Kräuterbuschen haben eine lange Tradition - Frauen binden und verkaufen sie
Mit Vorliebe im Herrgottswinkel

Eigentlich würden 77 verschiedene Kräuter in einen Strauß gehören - was aber wohl des Guten zu viel wäre. Bild: hfz
Seit mittlerweile fast 30 Jahren pflegt der Sozialdienst katholischer Frauen (SkF) nun schon die Tradition des Kräuterbuschenbindens zu Mariä Himmelfahrt. Sie reicht natürlich noch viel weiter zurück: Seit über 1000 Jahren bringen Christen am Hochfest von Mariä Aufnahme in den Himmel Heilkräuter und Blumen in den Gottesdienst, um sie segnen zu lassen.

Schutz vor Krankheit

Eigentlich würden 77 verschiedene Kräuter in einen Strauß gehören. Das wäre aber bestimmt zu viel des Guten. Die SkF-Frauen greifen deshalb nur auf die Wichtigsten zurück. Zu ihnen zählen zum Beispiel Johanniskraut, Salbei, Kamille, Baldrian, Beifuß, Getreide und Minze.

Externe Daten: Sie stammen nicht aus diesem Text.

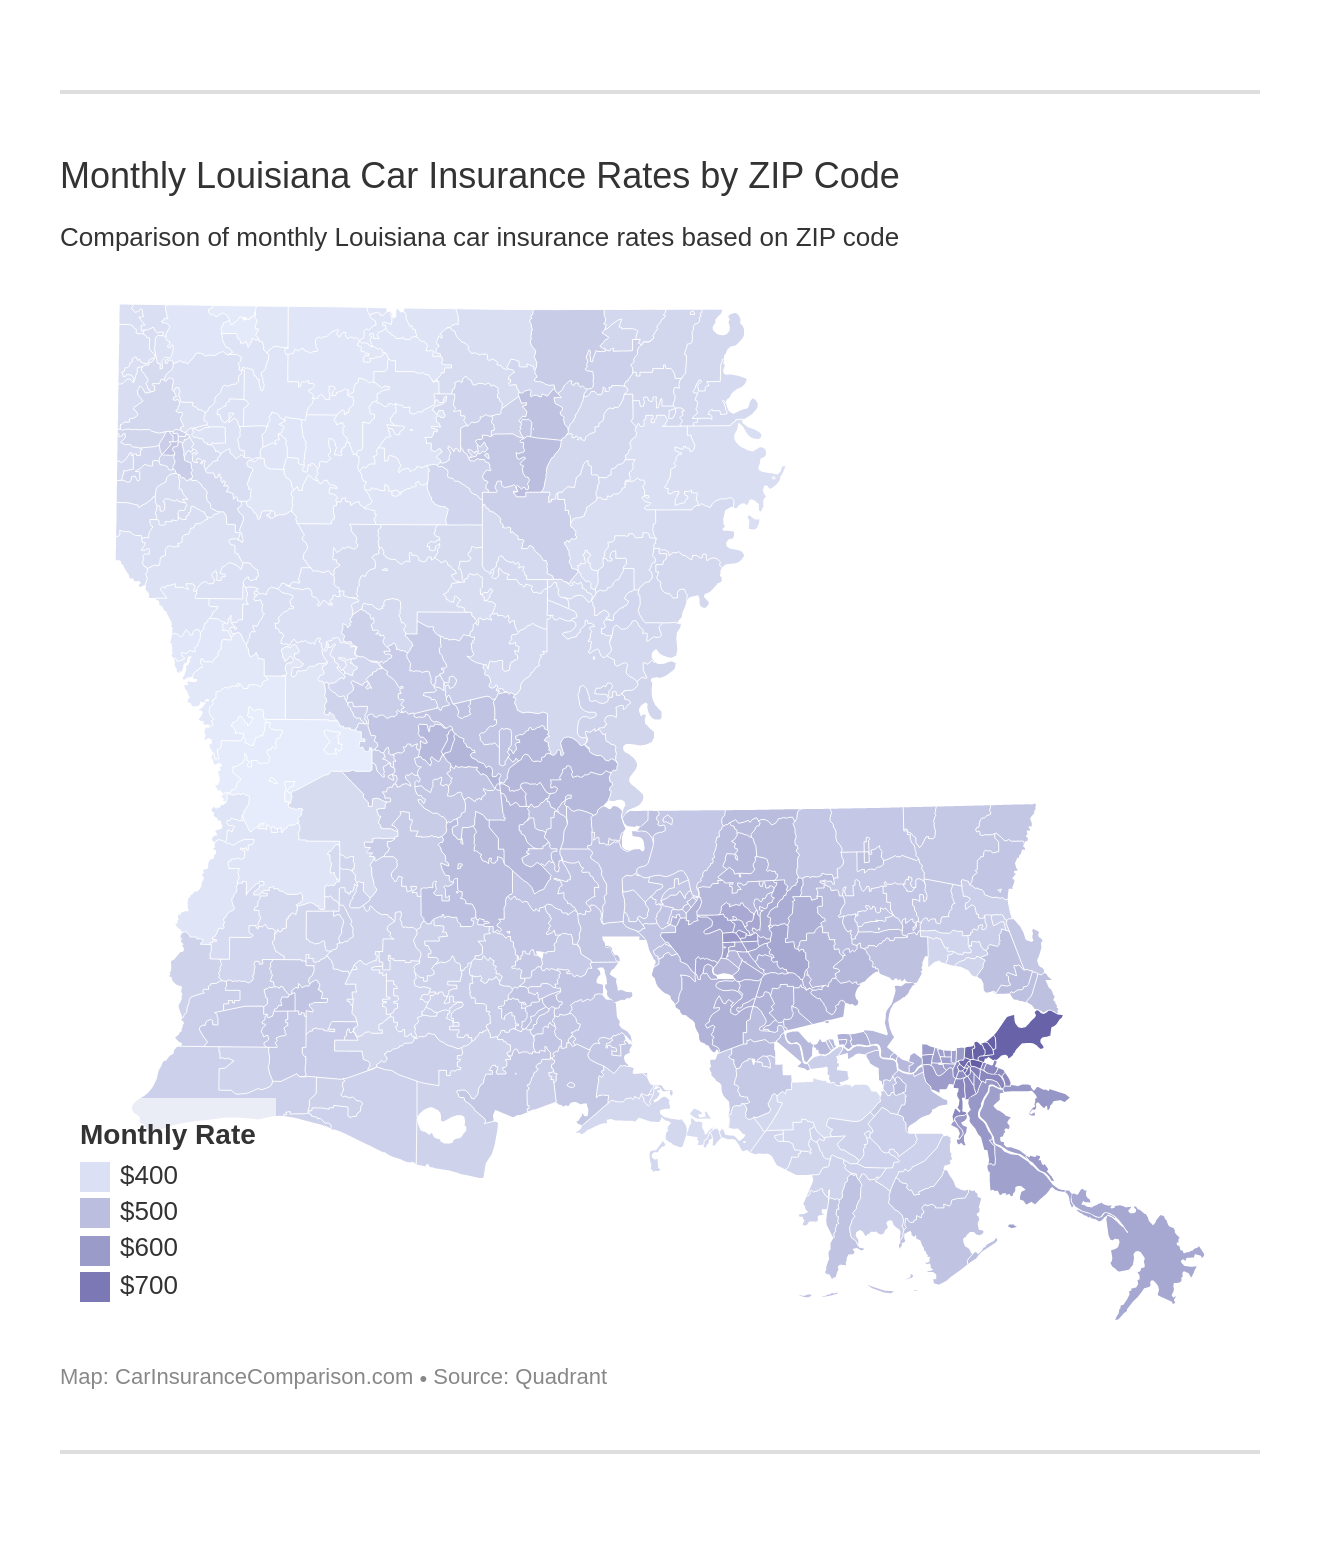 Monthly Louisiana Car Insurance Rates by ZIP Code

Die Kräuter, die dann an Mariä Himmelfahrt geweiht werden, sollen nicht nur dem Schutz vor Krankheit dienen. Sie sollen auch Haus, Hof und Familie vor Unheil bewahren. Sie werden getrocknet und mit Vorliebe im Herrgottswinkel platziert.

Früher wurden die Büschel zum Schutz von Haus und Stall in den Dachfirst gehängt, zum Gedeihen der Früchte auf die Saatfelder gesteckt und dem Vieh unters Futter gestreut. Kranke erhielten einen Tee aus den geweihten Kräutern, und bei Gewitter und Hagel wurde das Büschel sogar am Herdfeuer verbrannt.

Auch heuer binden am Freitag, 14. August, wieder um die 40 Frauen in den Jura-Werkstätten über 1000 Sträuße. Viele von ihnen sind fleißige Helferinnen ersten Stunde und könnten einiges über den Kräuterbuschen-Brauch erzählen.

Erlös für soziale Arbeit

Die farbenfrohen Sträuße werden dann am Feiertag und zu den Vorabendmessen in den Amberger Kirchen St. Georg, St. Sebastian, Hl. Dreifaltigkeit sowie der Pfarrkirche St. Michael in Poppenricht und der Frohnbergkirche in Hahnbach gegen eine Spende abgegeben.

Der Erlös dient zur Unterstützung der sozialen Arbeit des SkF.